The deposits will be washed and chrome deposits separated for marketable purpose.  The process will be much like placer washing, done in the West for gold.  The work will proceed on a large scale, if the expectations of the company are fulfilled.

Chrome today is more valuable and the methods for obtaining it greater than it was fifty years ago, when the old mines at the southern end of this and Lancaster counties were worked.  Other mines, some in this and Lancaster county and Cecil county, Maryland, are to be reopened and worked.

Daily Local News
27th September 1918

Chrome Mining Brisk

The chrome miners on J. C. Campbell’s farm, West Nottingham, are busy, some expensive machinery being installed.  In Reisler’s meadow, Elk township, machinery is also being put in.  A number of men have been engaged on each operation.

Oxford Press
November 1918
(Reprinted 11/21/1943)

The Wilmington Mineral Company loaded a car of chrome in Oxford on Wednesday.  They have taken out about 16 tons from James Reisler’s meadow, Elk Township.  Owing to approach of winter the operation will be suspended until spring.

23rd November 1918

The old chrome mines of southern Chester county, which have been closed for years, are now being operated, due to war necessities, and the Wilmington Mineral Company this week loaded several cars from one in Elk township.

Daily Local News
7th December 1918

The war demand for chrome has developed a number of old chrome mines and deposits in southern Chester county and several of the former have been reopened and worked.  One of the largest plants, however, is being installed on the property of Calvin Campbell, in West Nottingham township between Fremont and Nottingham station.

A corporation called the Dellfint Company, has erected a big building or mill, at that place and has installed boilers, engines, scoops, washers etc., to carry on the obtaining of chrome and preparing it for the market.  Harry Hall, of Sylmar, who has during the week been acting as deputy for Sheriff Ortlip, has been made superintendent of the new plant and expects to start operations soon.

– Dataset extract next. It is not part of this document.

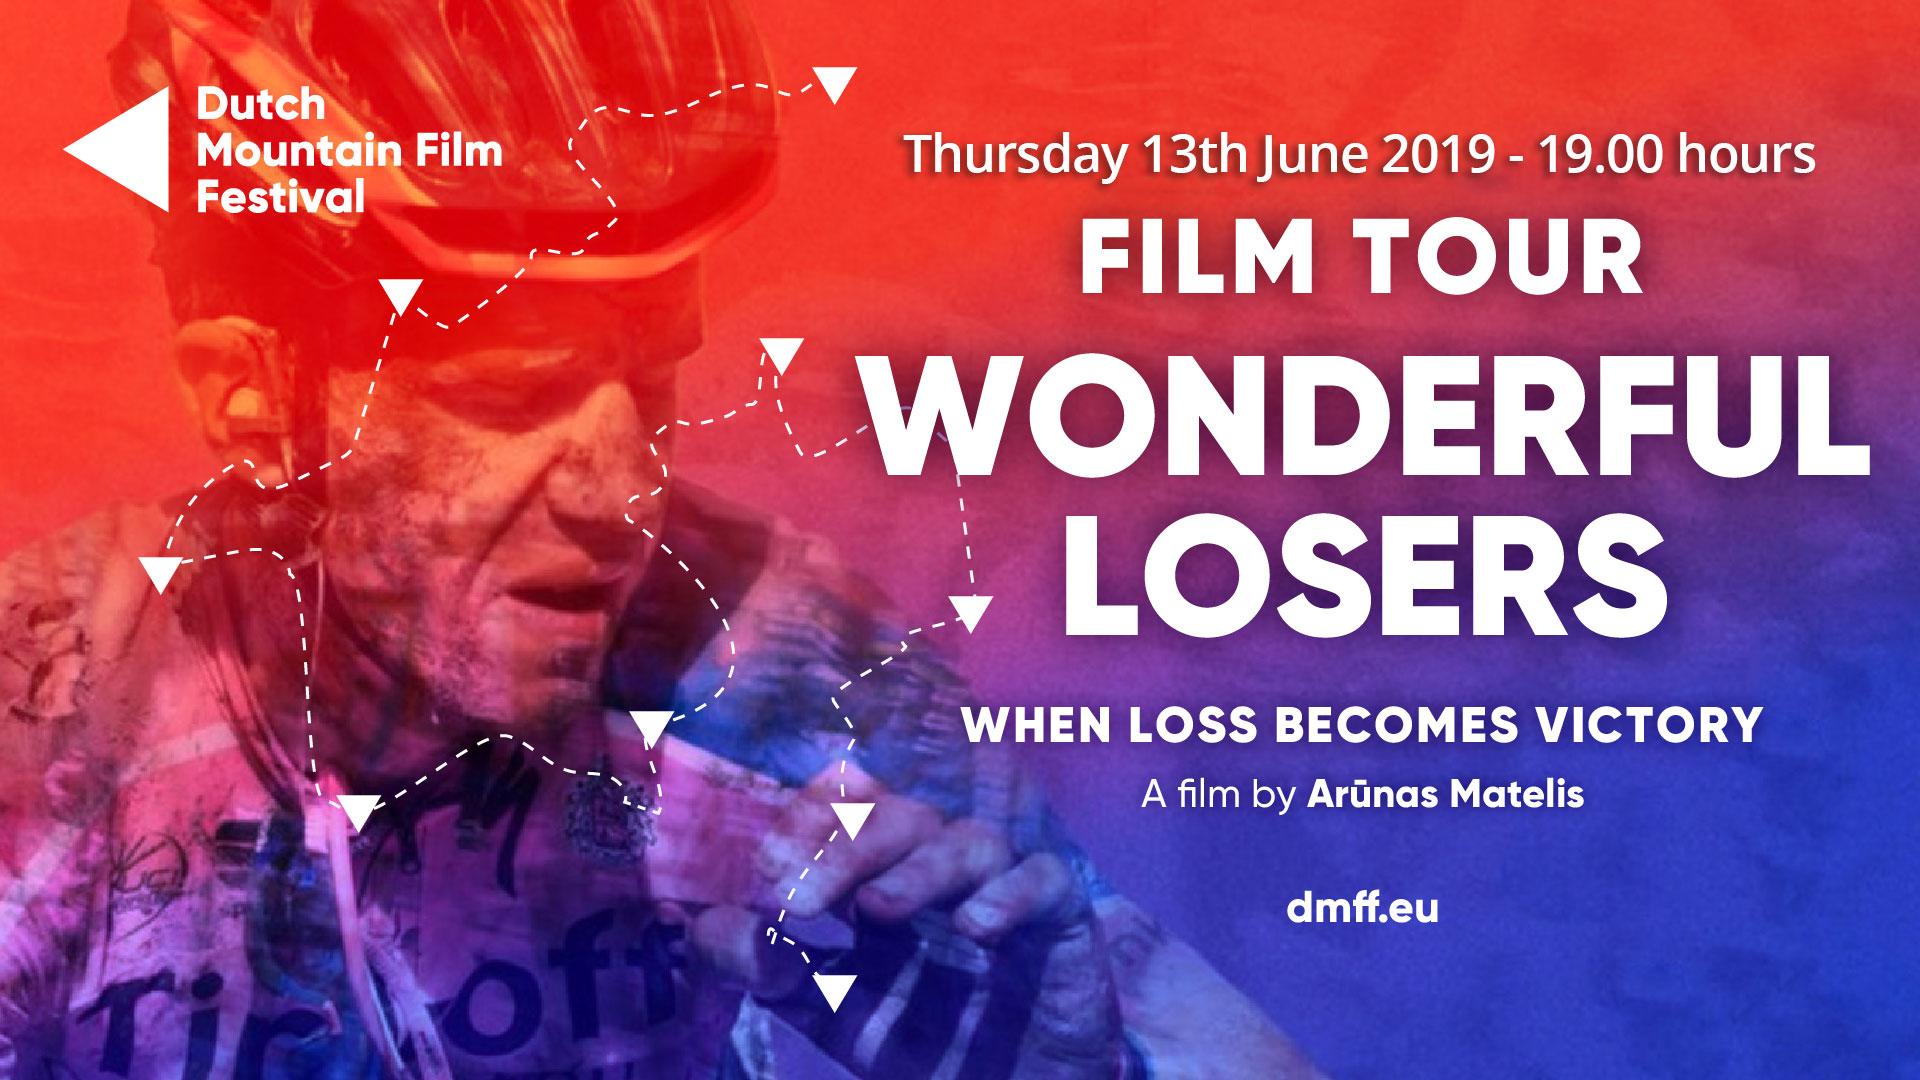 Film screening Wonderfull Losers: A Different World

The chrome deposits at this place are not mined or quarried, but scooped up from the creek etc.  The rock and sand with the chrome is then carried up on shuts, run over breakers and riddles and finally dashed into pans, similar to those used in the placer gold washer plants in the West and the pure chrome separated.  It is then dried and is ready for shipment.  The company has motors for this and soon will be able to send large quantities to the markets for commercial use.  The development of this industry will make us independent of the foreign article and give employment to a considerable number of persons.  The Chester county chrome is superior, but the crude methods for getting it out and ready for use in former years handicapped the business.  New methods and machinery will overcome this.